The European Union has yet to adopt an official position. EU sources said that, following an initial assessment, there are “strong doubts” about its compatibility with EU law. All member states – with the exception of Hungary and Bulgaria – have either declined the invitation or requested more time to analyse the proposal. However, three countries aspiring to EU membership have already accepted (alongside other 23), prompting controversy over the potential implications for their relations with the Union.
While Türkiye‘s position is closely bound to the regional peace process and its EU accession talks have been effectively frozen since 2018 – making its decision of limited relevance from Brussels’ perspective – the same cannot be said for the other two countries joining the initiative. Albania is widely regarded as one of the frontrunners in the EU enlargement process, while Kosovo continues to face substantial challenges, both in securing full recognition as a sovereign state and in obtaining candidate status.
From an EU accession standpoint, the issue is not whether Tirana and Pristina have the right to make such a decision, but whether the move was adequately coordinated with Brussels, in line with the expectations placed on potential future EU members. “It risks being perceived as out of step with the EU’s strategic direction, carrying reputational costs and potentially generating unnecessary friction in the accession process,” warns Daniel Prroni, a former researcher at the Institute for Democracy and Mediation (IDM), speaking to The New Union Post.
The controversial choice on the Board of Peace
Originally established through UN Security Council Resolution 2803 as an external initiative to oversee the reconstruction of the Gaza Strip until 2027 – before handing control back to the Palestinians – the Board of Peace has since evolved into a very different entity, with the potential to undermine the international order and bolster the legitimacy of dictators and autocratic regimes.
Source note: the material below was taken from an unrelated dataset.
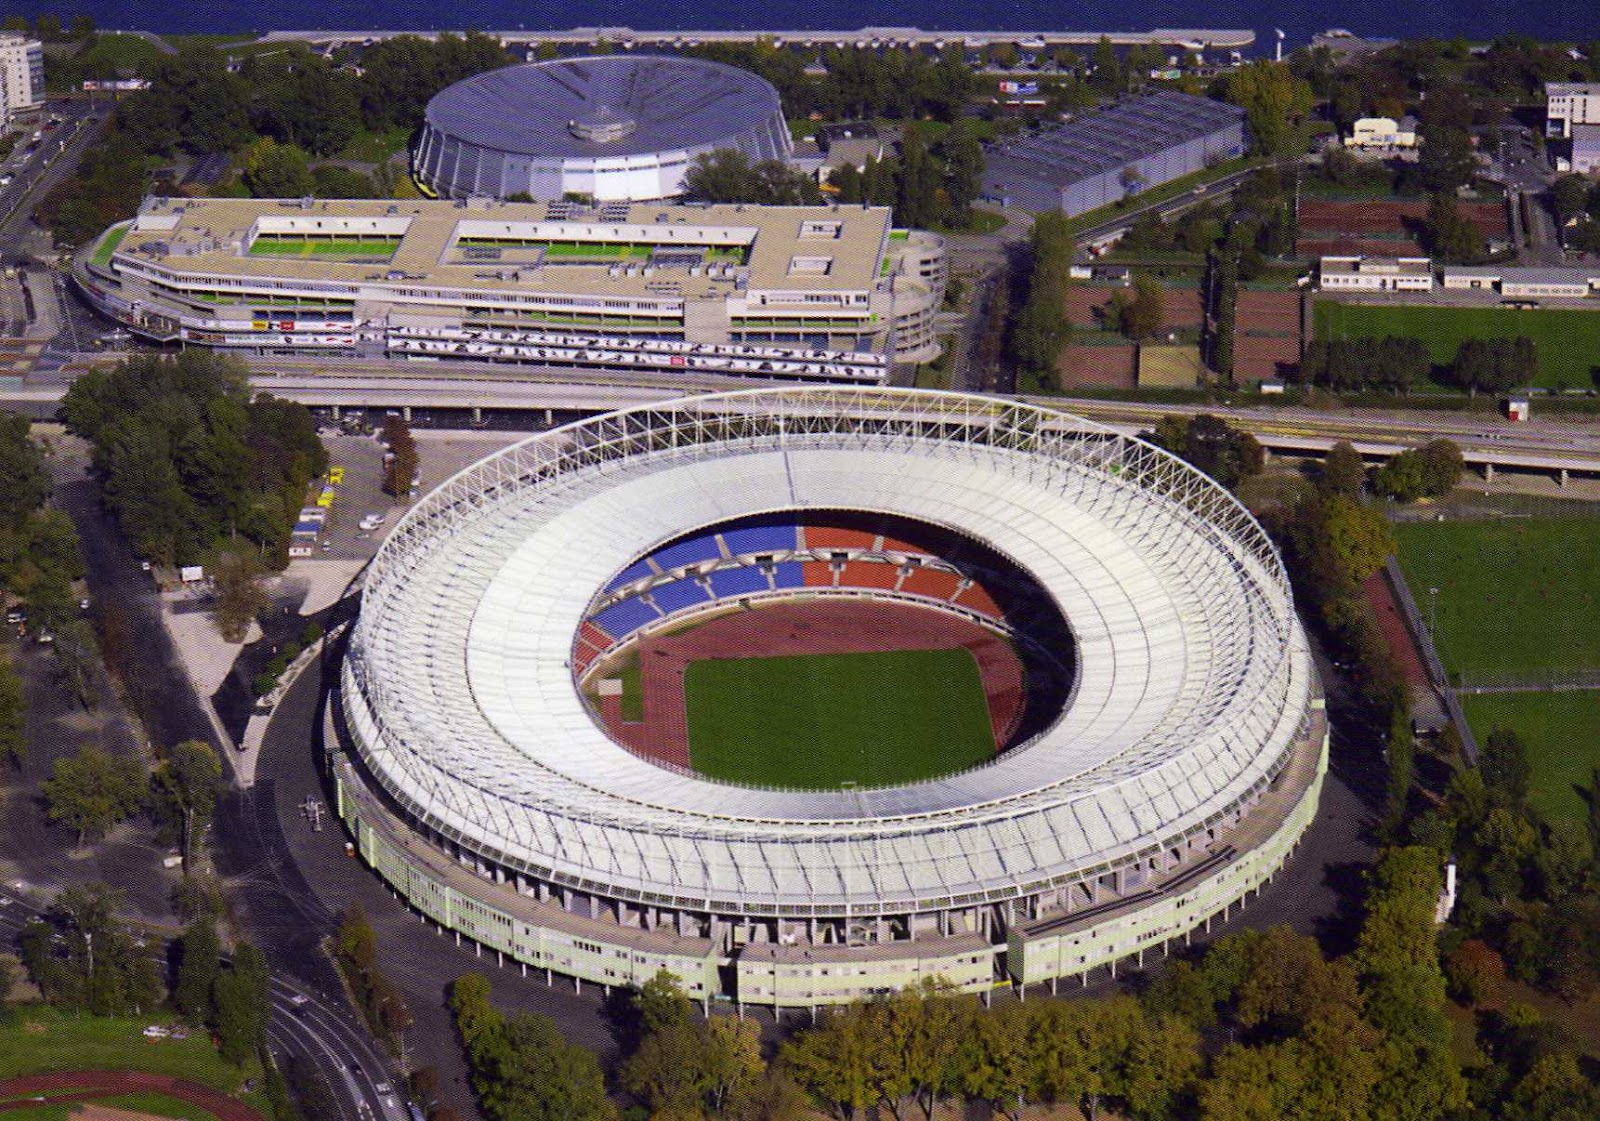 Ernst-Happel stadium in Vienna: Prater lifelong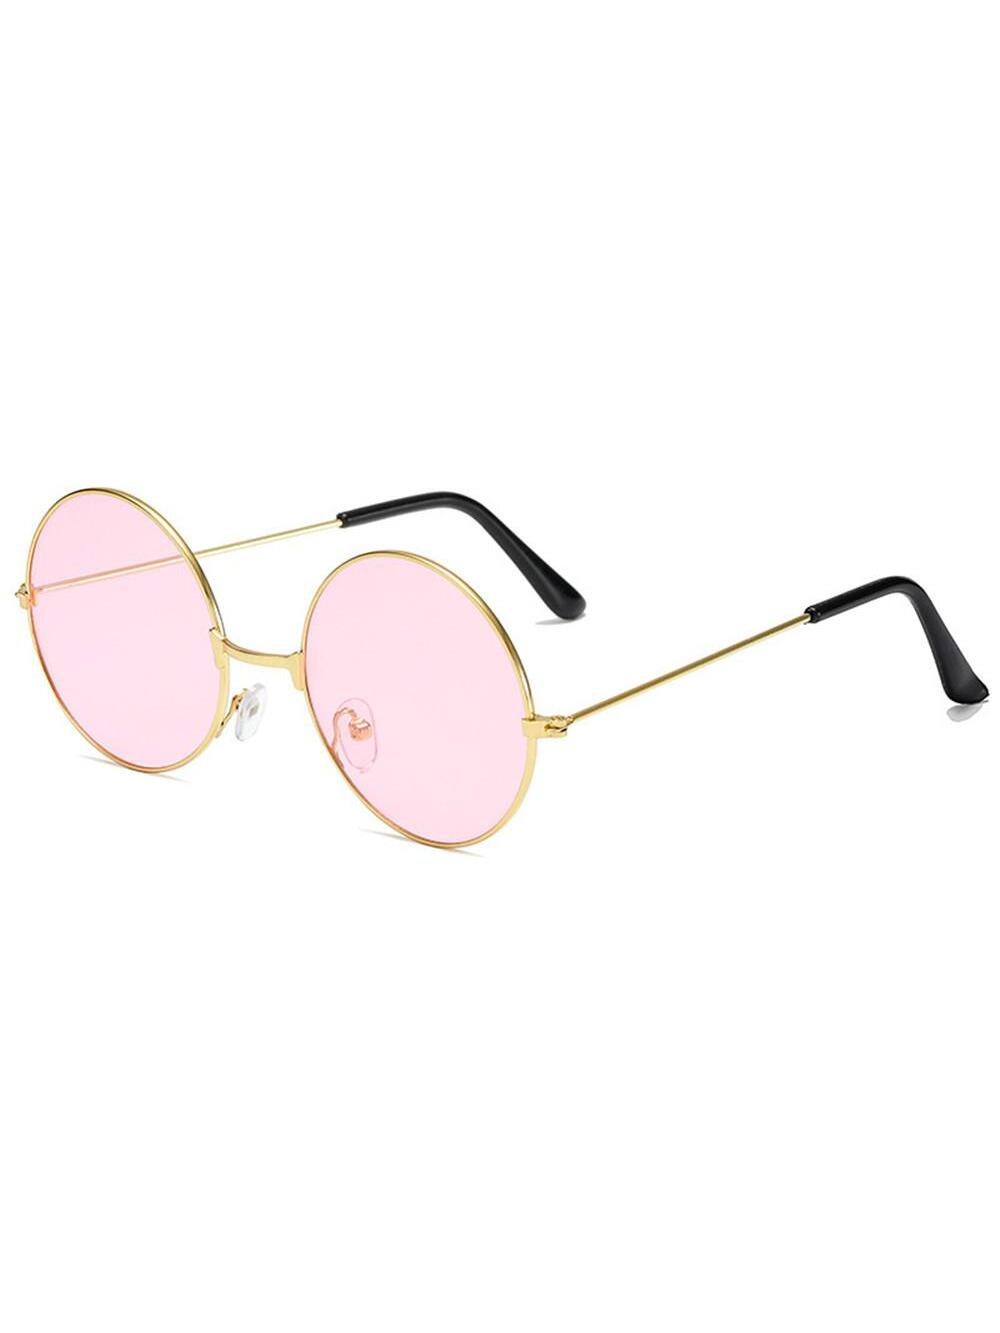 Ретро круглые солнцезащитные очки в стиле хиппи, розовый

Trump himself has claimed that the Board “might” replace the United Nations.
Membership is determined solely by Trump, who plans to charge $1 billion for permanent seats. The main Board – composed primarily of national leaders – is governed by its own private Charter. ‘Chairman Trump’ holds a lifetime membership and may adopt resolutions or initiatives without consulting the board. A seven-member Executive Board focuses on diplomacy and investment, while a ten-member Gaza Executive Board – led by a High Representative for Gaza – directs the administration of the Palestinian territory.

As Prroni observes, “it is striking how quickly both the government and the main opposition party lined up” behind Trump’s invitation to join the initiative. This is despite the fact that – upon examining the charter – it does not read as a one-off initiative focused solely on the Palestinian territories, but rather as a “competing vision” for organising international action. For this reason, Tirana’s decision to participate constitutes “a political, strategic and constitutional choice” that, he argues, should have been subject to wider public debate.
As with Albania, Kosovo’s participation in the Board “primarily reflects its close political and strategic relationship with the US,” says Dan Ilazi, Head of Research at the Kosovar Centre for Security Studies (KCSS/QKSS), speaking to The New Union Post.
For Pristina in particular, engagement should be understood as “part of a broader effort” to raise international visibility and advance integration “into global political and security forums.” Drawing on its recent experience of post-conflict reconstruction, peacebuilding and international assistance, Ilazi argues that Kosovo “can – and arguably should – contribute” to reconstruction and peacebuilding efforts in Gaza.
However, Kosovo’s concrete role within the Board “remains unclear.” In practical terms, it appears highly unlikely that Pristina could provide a financial contribution of one billion dollars. “This is simply not realistic,” Ilazi notes, pointing to “legitimate questions” about both the expectations placed on the Balkan country and its actual capacity to meet them within the organisation.
The risks with the EU
When it comes to relations with the EU, Prroni recalls that – as member states are required to coordinate closely on the Common Foreign and Security Policy (CFSP) and to avoid moves that undermine a common EU line – “this kind of coordination is exactly what the accession process expects” from candidates and potential candidates under Chapters 30 and 31, which cover external relations and foreign and security policy. In this area, both countries have traditionally proved to be strong performers.
From a legal standpoint, the key question is whether participation in the organisation is compatible with the EU’s core values, which underpin the entire accession process. Should this give rise to concerns regarding compliance with Article 2 of the Treaty on European Union (TEU), “it could be treated as an accession issue rather than merely a matter of foreign policy coordination,” the Albanian analyst warns.
Ilazi agrees that, if a common EU position on the Board of Peace emerges, the national institutions of both countries “will ultimately need to align with the EU.” At present, however, opposition comes only from individual member states rather than from a unified stance in Brussels, with Hungary and Bulgaria breaking ranks. “On that basis, Albania’s and Kosovo’s participation cannot credibly be framed as a failure to align with the EU,” Ilazi concludes.